Recently, Tortilla needed abdominal surgery. Since the IHS wasn't equipped to do the procedure, they referred him to an outside doctor. When they refer a patient to medical facilities off the reservation, the IHS is supposed to pay for that treatment.

Is this a bill for all those things that you had that were done?

NINA TORTILLA: Yes. Yes.

BETTY ANN BOWSER: What are you going to do about this bill? It's $10,750.

NINA TORTILLA: I'm going to take it back to IHS.

BETTY ANN BOWSER: To the Indian Health Service?

NINA TORTILLA: Yes, to the Indian Health Service.

Slow, inadequate, defunded service

Paul Ortega
Shaman
People get hurt at night more than they do in the daytime. They feel the pain. They feel that they can't go to the hospital because the hospital is closed. Sometimes they call a medicine man.

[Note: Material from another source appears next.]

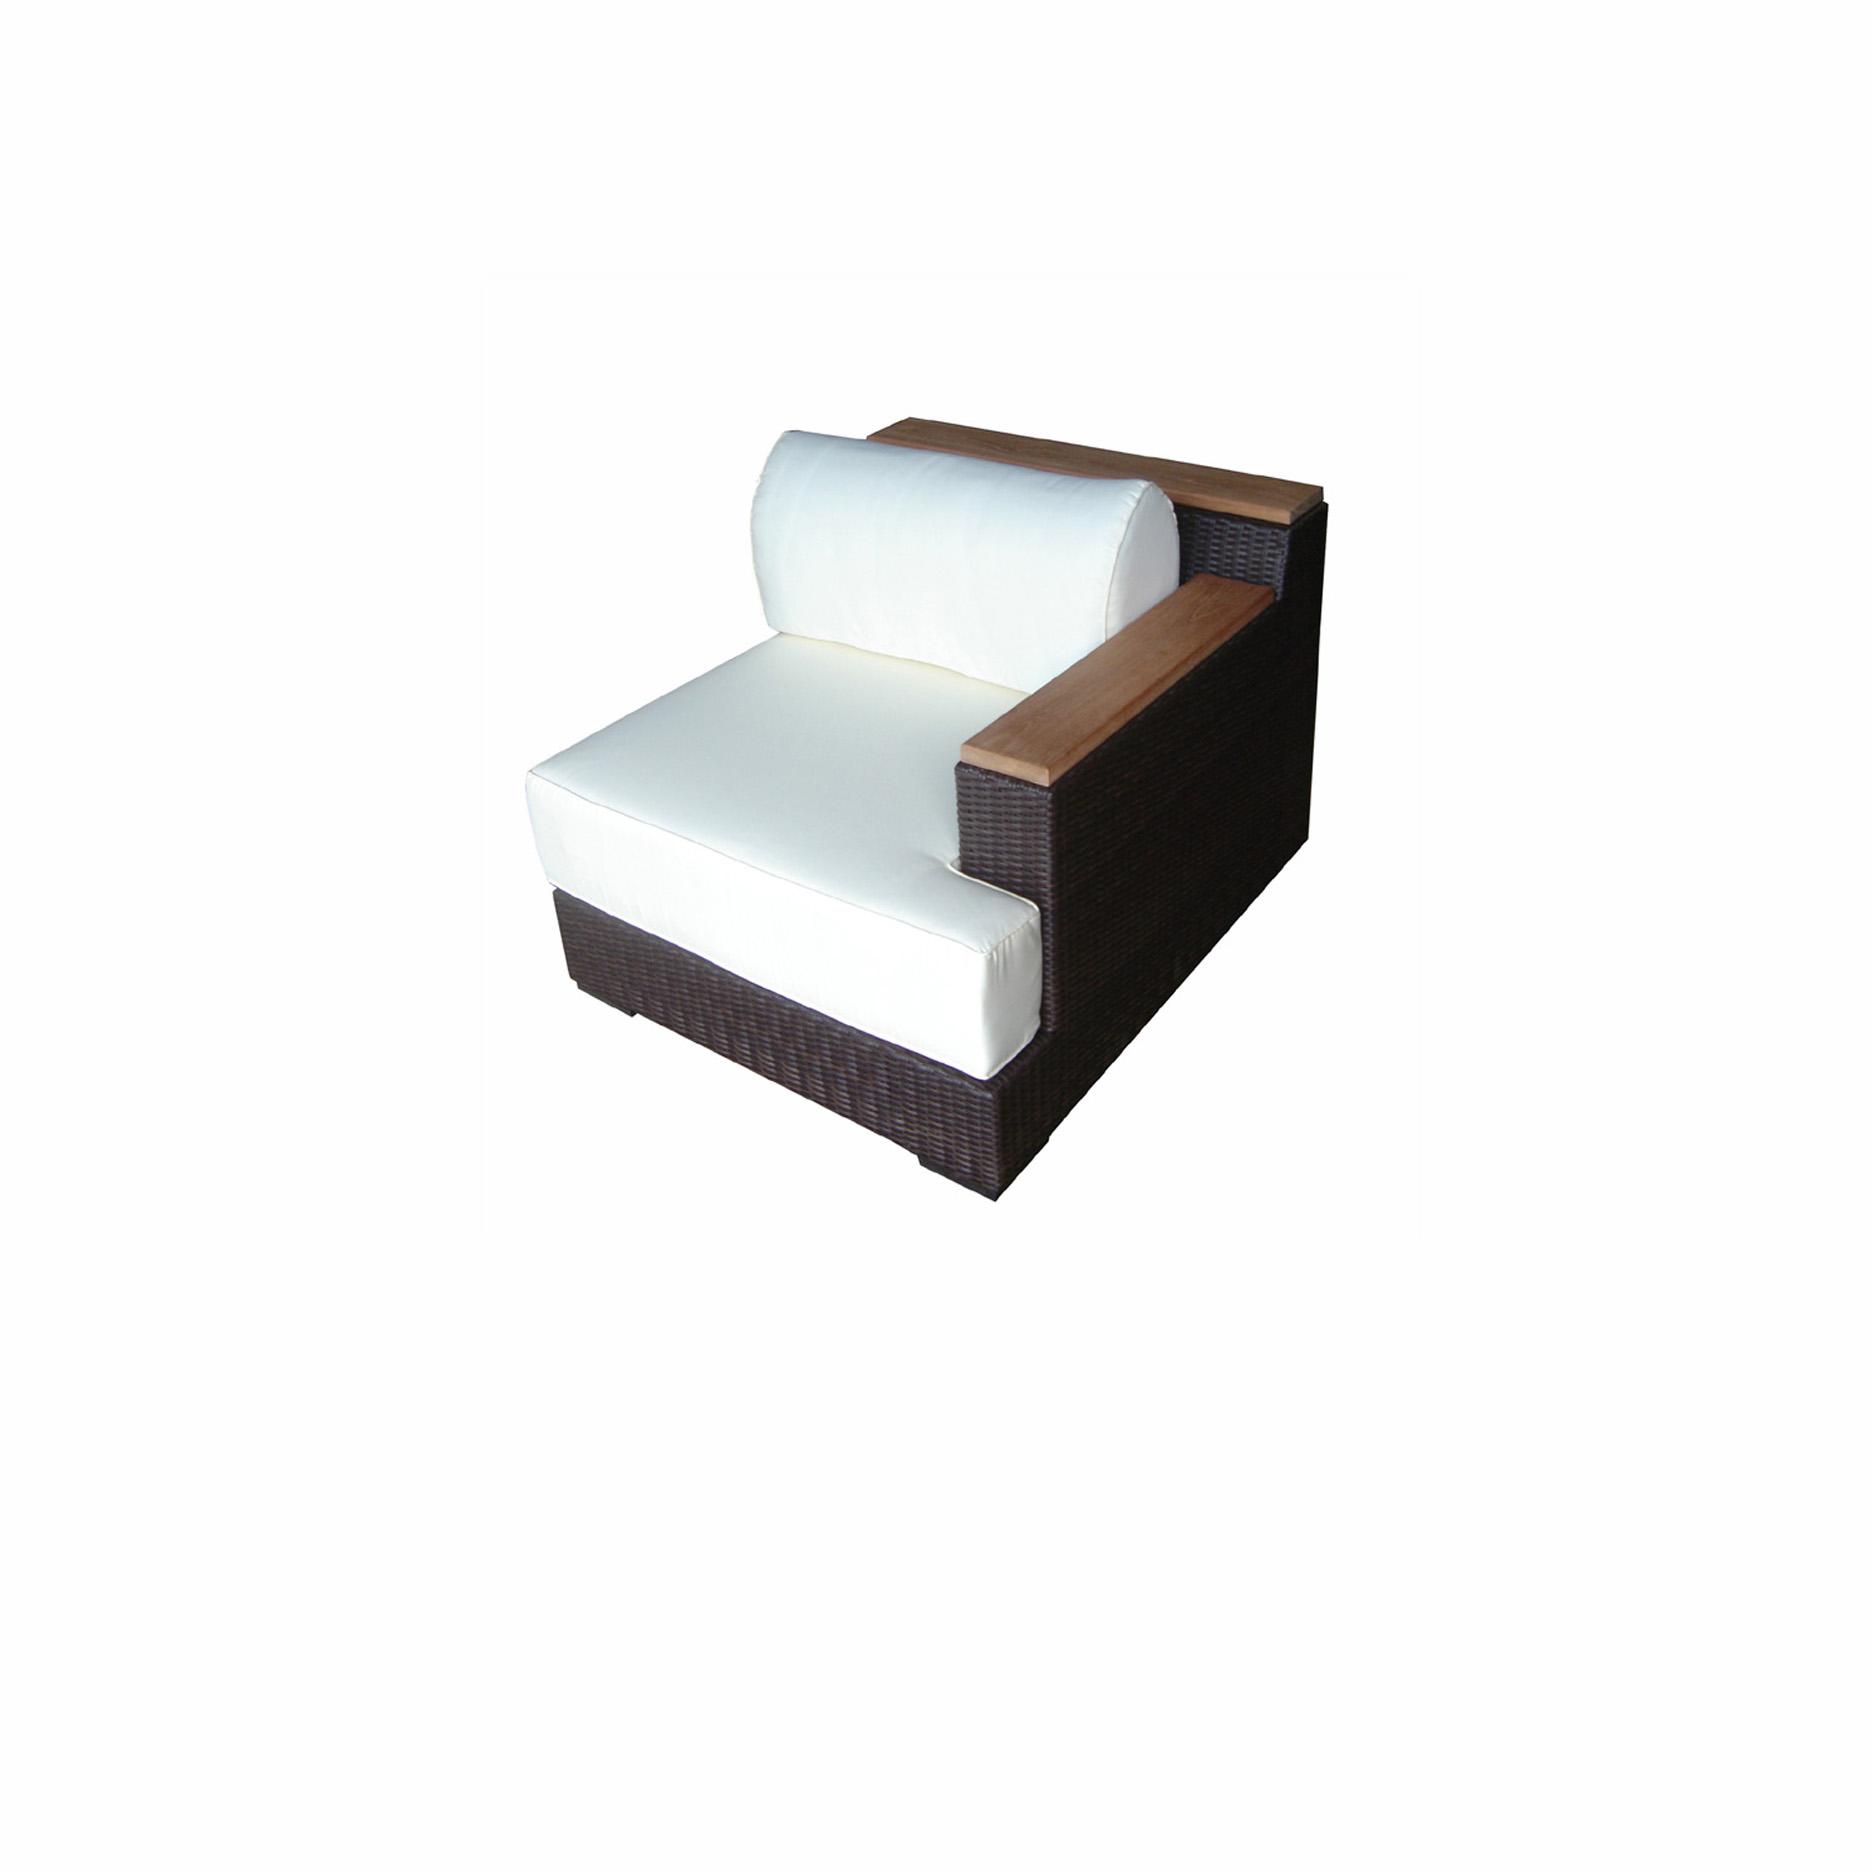 Synth. Rattan Chair Corner Modular   Asia Concept   High ...

BETTY ANN BOWSER: Tortilla may have a long wait. The IHS ran out of money to pay for the medical treatment off the reservation in July. Until new funding comes from the federal government, they are paying only for cases they consider life-threatening.

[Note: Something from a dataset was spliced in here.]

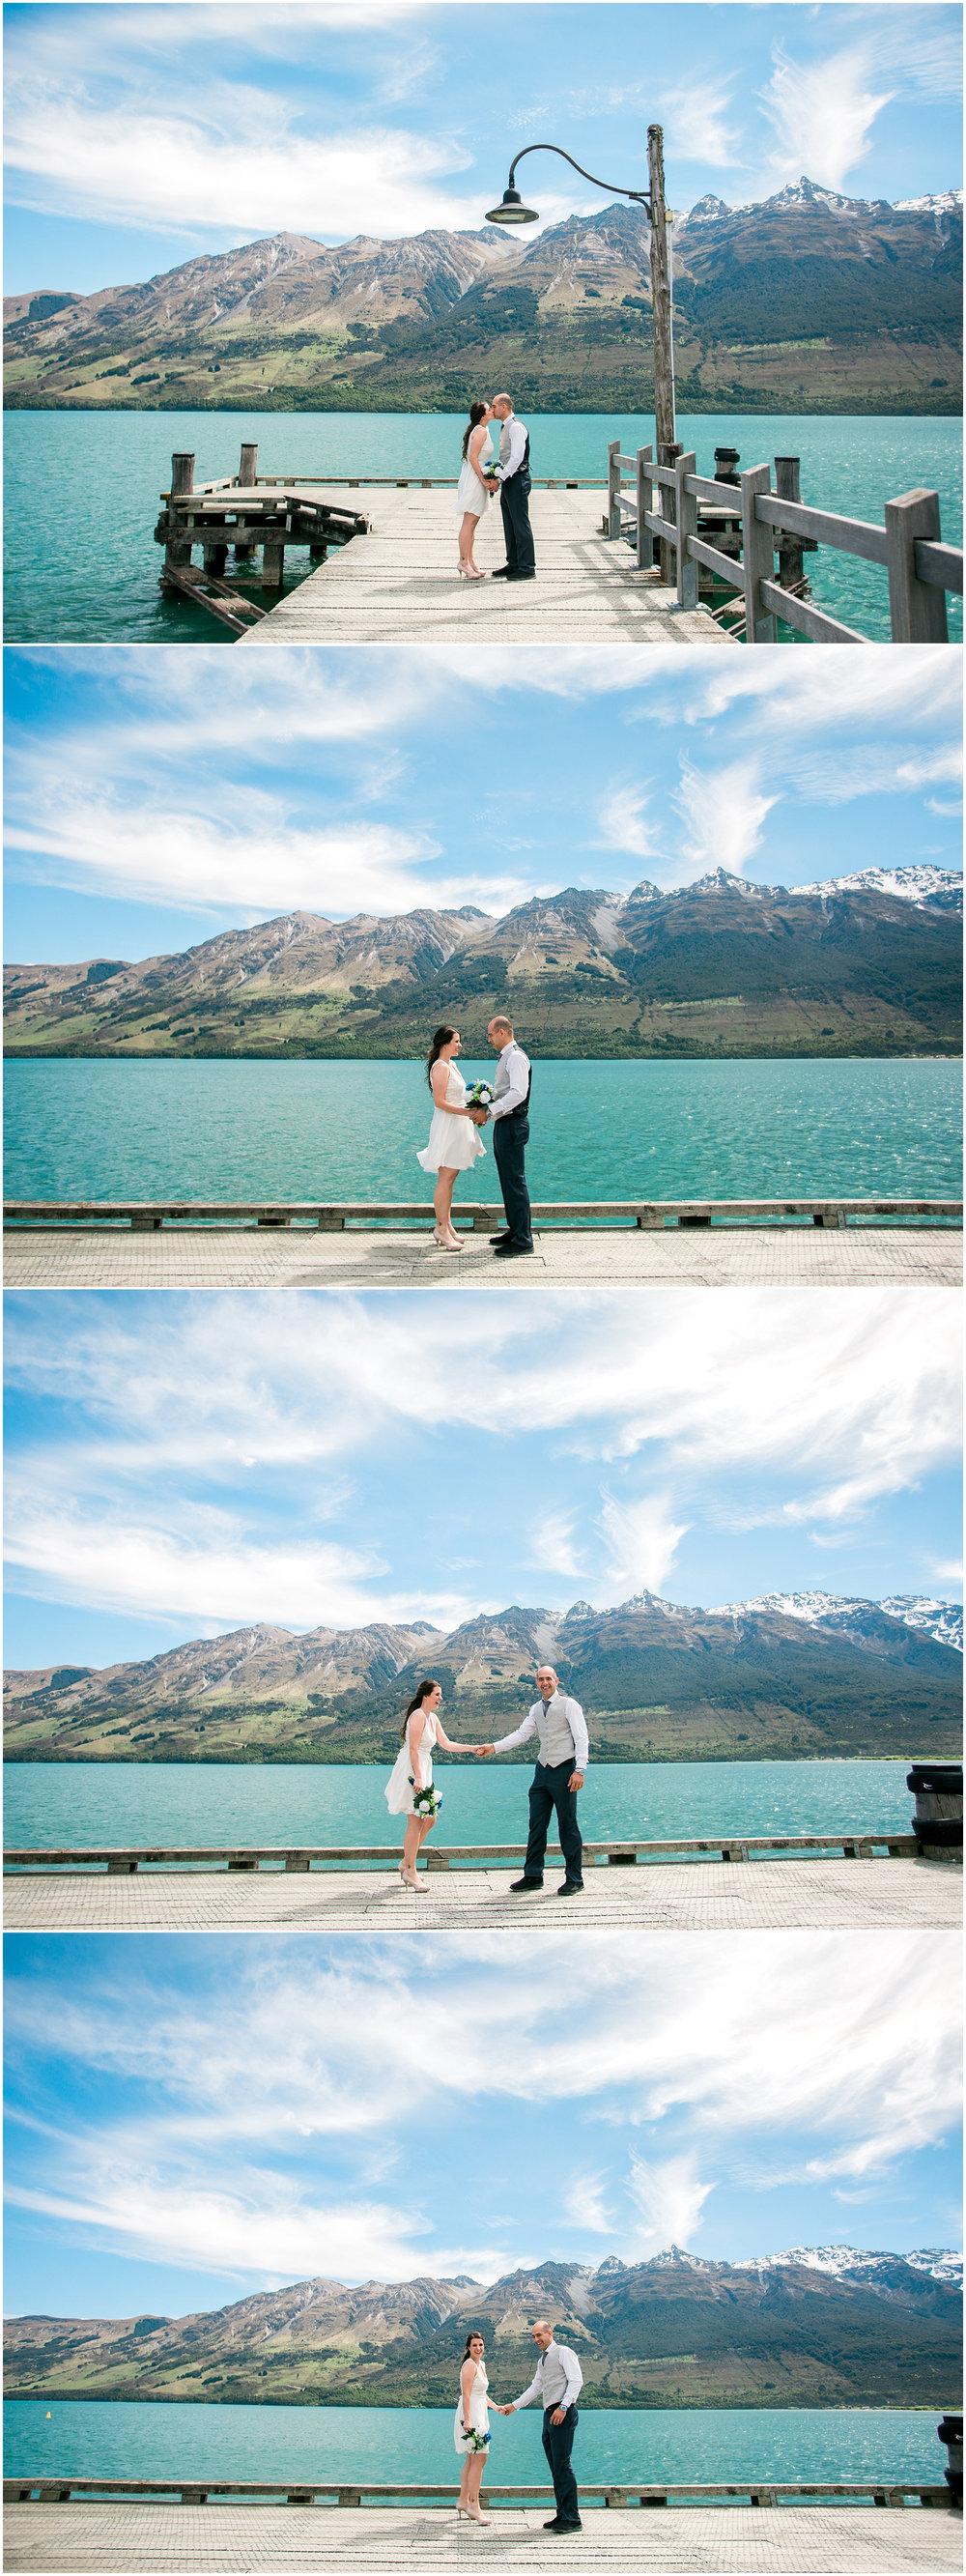 Queenstown New Zealand Wedding Photographer Bruna Fabricio Smetona Photo-0032.jpg

Dr. Ulysses Velez (ph) is frustrated, too. He was recruited to work for the health service from Puerto Rico.

Do you feel like you have enough tools to work with here?

DOCTOR: Nope.

BETTY ANN BOWSER: Budget problems?

DOCTOR: Yep. We are working without money.

BETTY ANN BOWSER: With no funds?

DOCTOR: Without funds.

BETTY ANN BOWSER: The hospital closes at 10 p.m. After that, if there's an emergency, the closest ambulance is 20 miles away. If a tribal member suffers a stroke or a heart attack, President Naiche-Palmer says they're in trouble.

CARLETON NAICHE-PALMER: People, in many cases, just die because service is just too slow and far away.

BETTY ANN BOWSER: Some tribal members turn to Paul Ortega for care. He's a shaman, a medicine man.

PAUL ORTEGA: People get hurt at night more than they do in the daytime. They feel the pain. They feel that they can't go to the hospital because the hospital is closed.

BETTY ANN BOWSER: So what do you do? Where do you go?

PAUL ORTEGA: You don't go nowhere. Try to take care. You go see -- sometimes they call a medicine man. They'll call over here and want to know if I have anything, because so-and-so is hurting.

BETTY ANN BOWSER: Ironically, some of the Mescaleros and other uninsured New Mexicans might be eligible for Medicaid or other government assistance. Jane Batson says lack of knowledge and bureaucracy keep people away.

JANE BATSON: They've become discouraged about looking for access because they've been unable to find it. They may have been turned away. They're unfamiliar with the programs that are there, and so they really don't know what to do.

BETTY ANN BOWSER: Some officials, like Batson, would like to see universal coverage in New Mexico, but concede that, even if all the state's residents had health insurance, they would still have trouble getting access to health care.